*** Data excerpt Section Begins ***

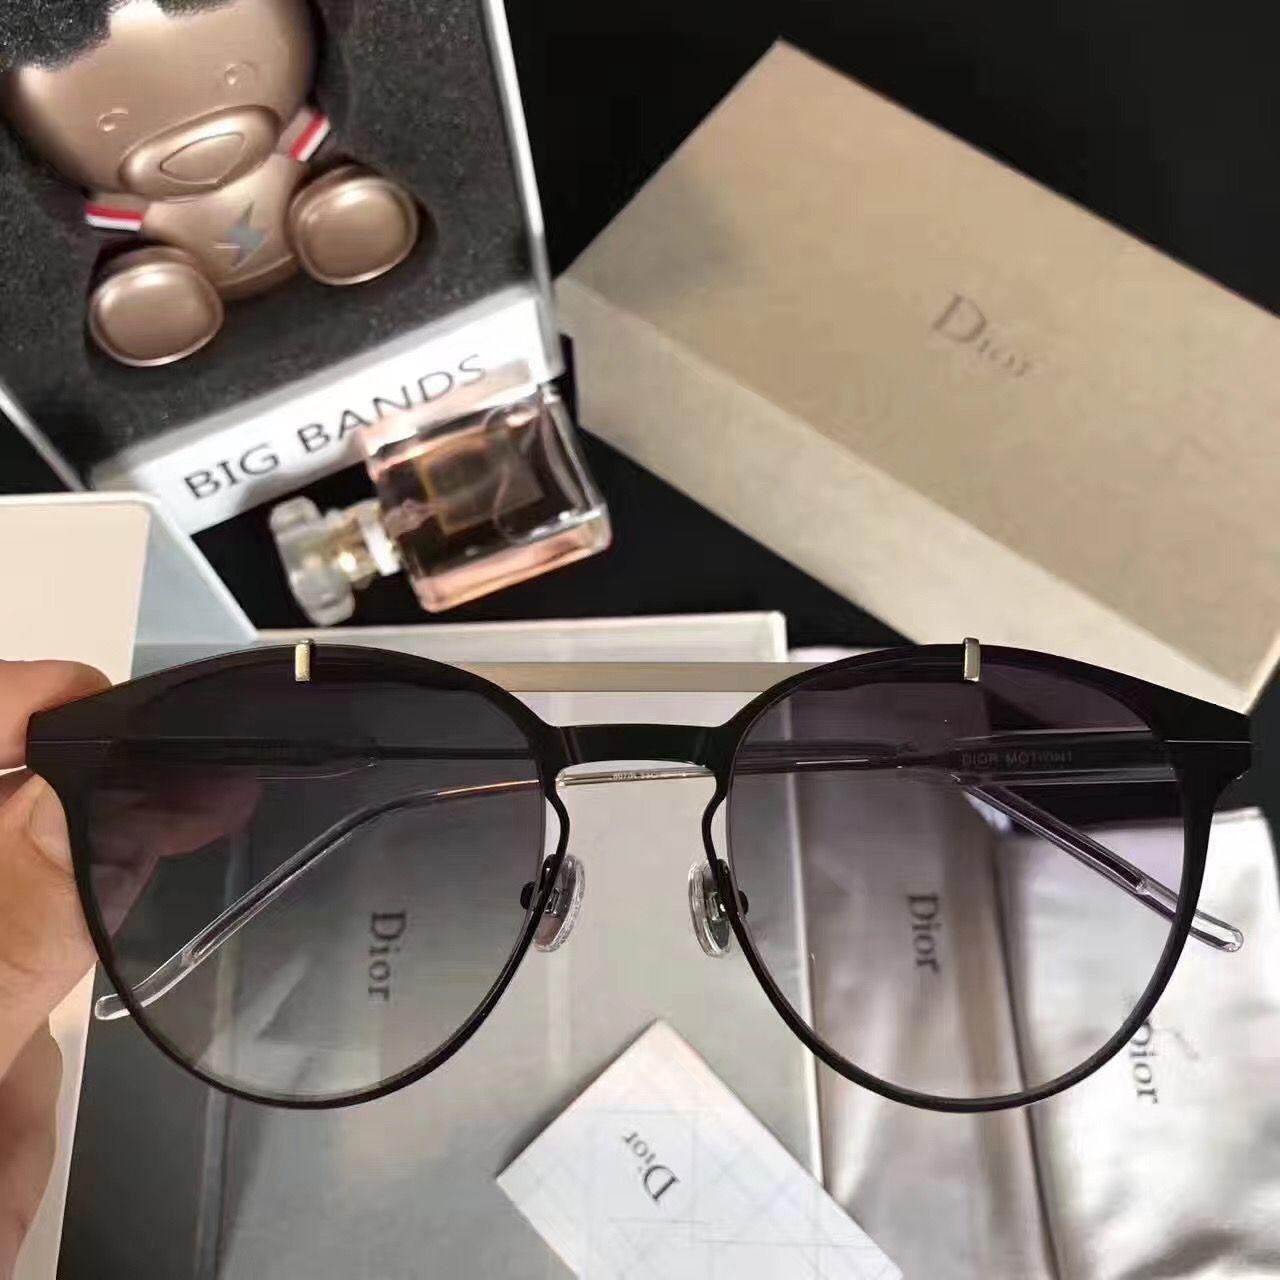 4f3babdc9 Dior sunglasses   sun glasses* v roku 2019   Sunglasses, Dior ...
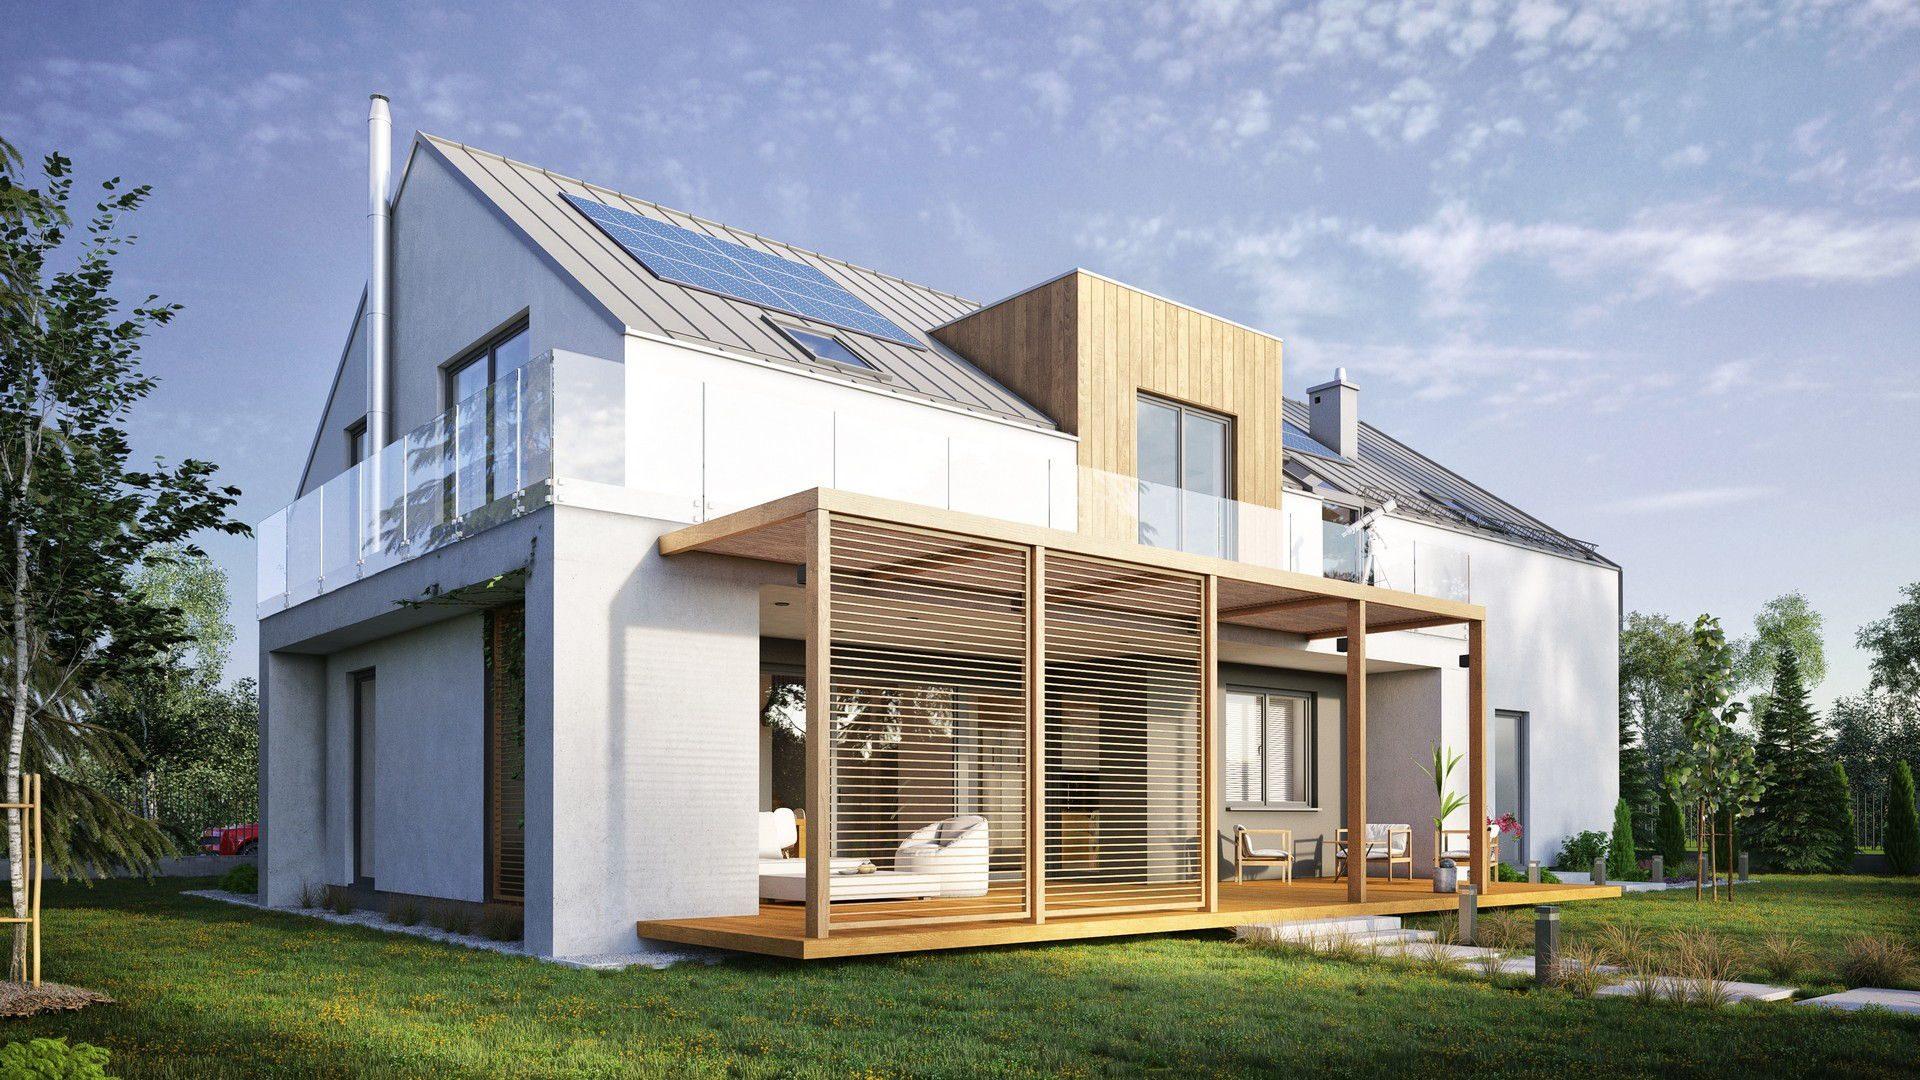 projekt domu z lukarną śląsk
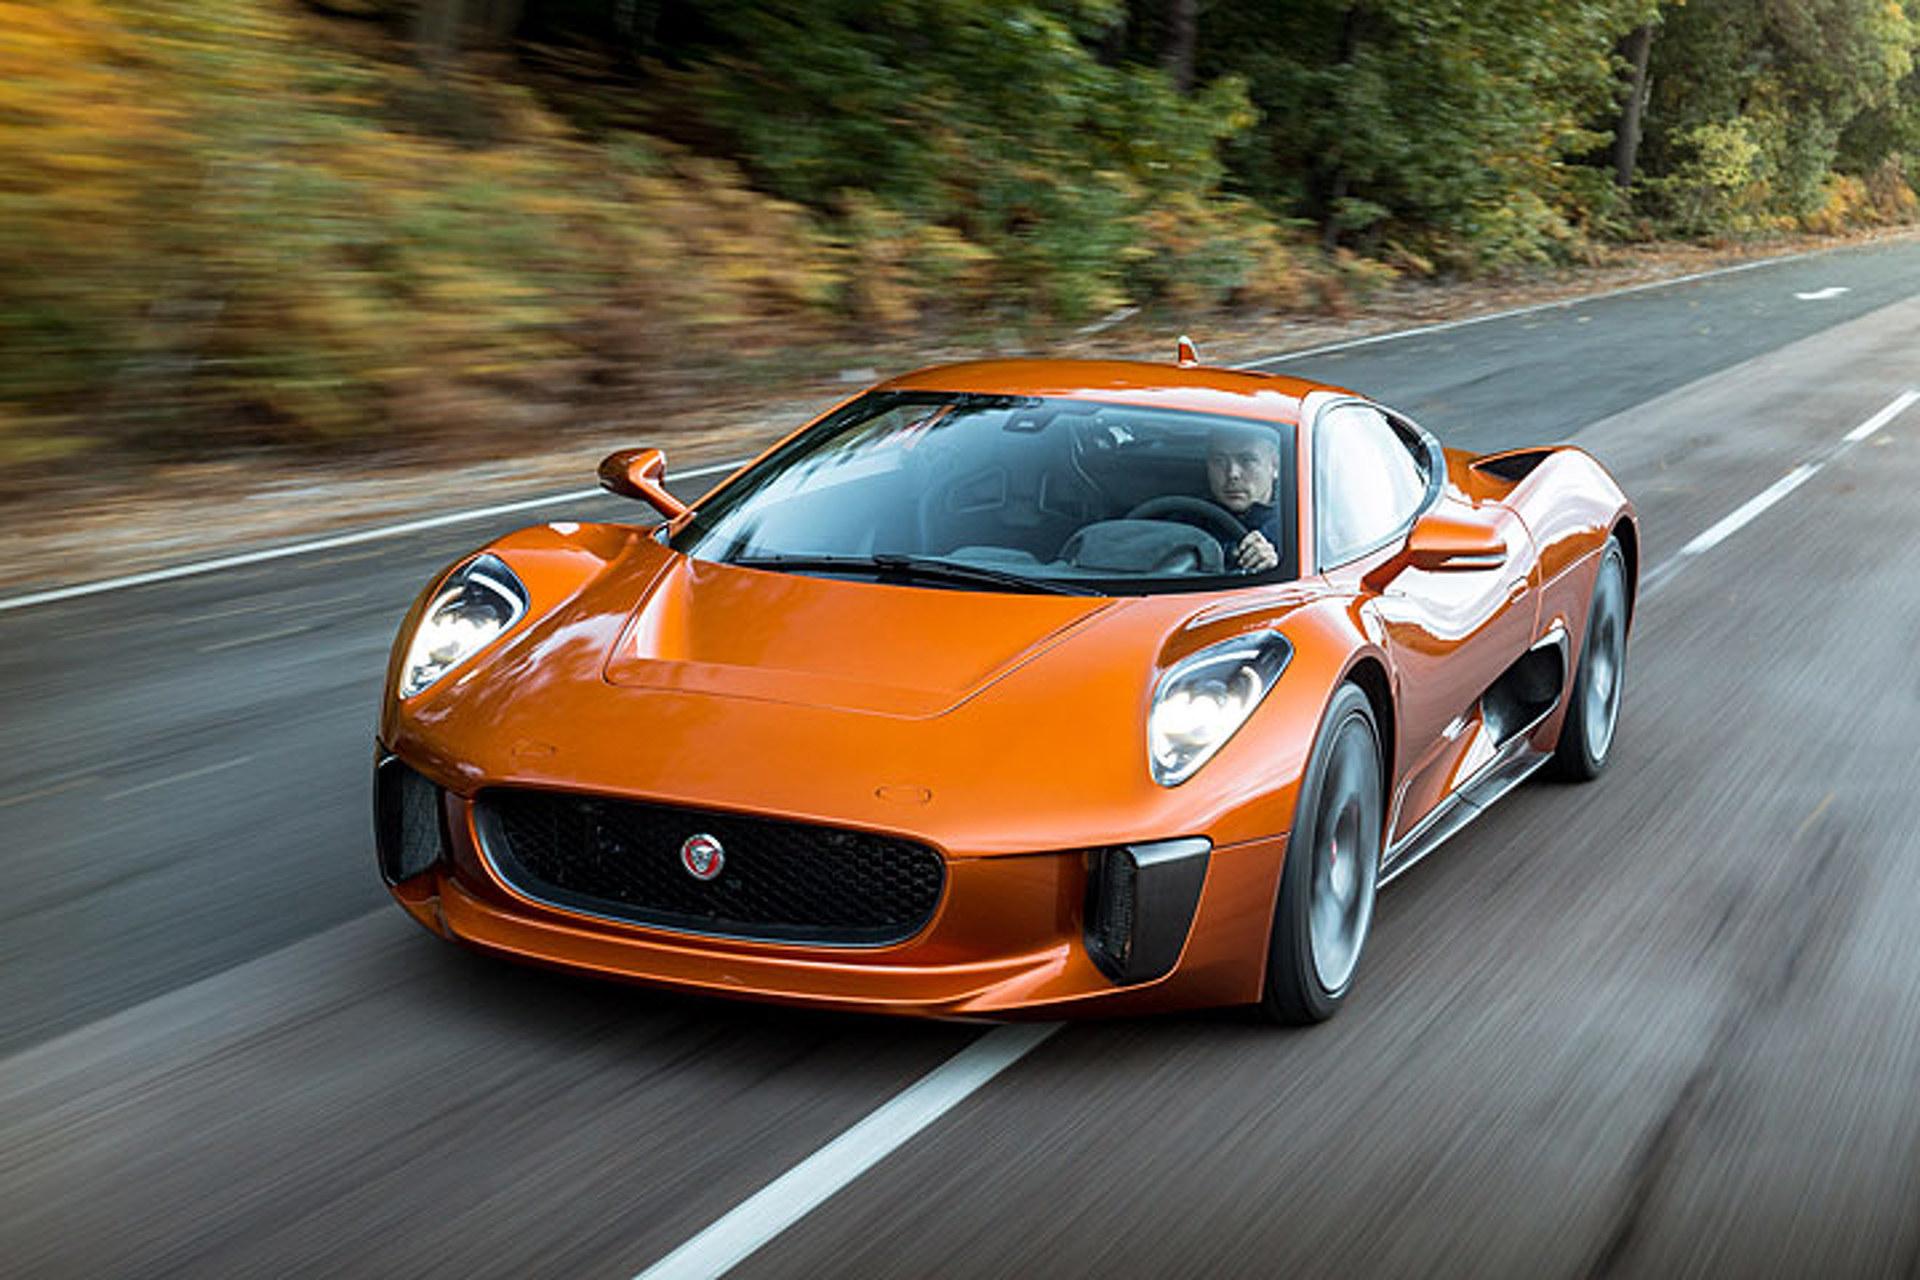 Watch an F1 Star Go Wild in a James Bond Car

*** Data excerpt Section Ends ***

=== What is being asked ===
The answer must be the full listing, restated word for word, with no pictures in it.

=== Response area ===
 4f3babdc9 Dior sunglasses   sun glasses* v roku 2019   Sunglasses, Dior ...
 projekt domu z lukarną śląsk
 Watch an F1 Star Go Wild in a James Bond Car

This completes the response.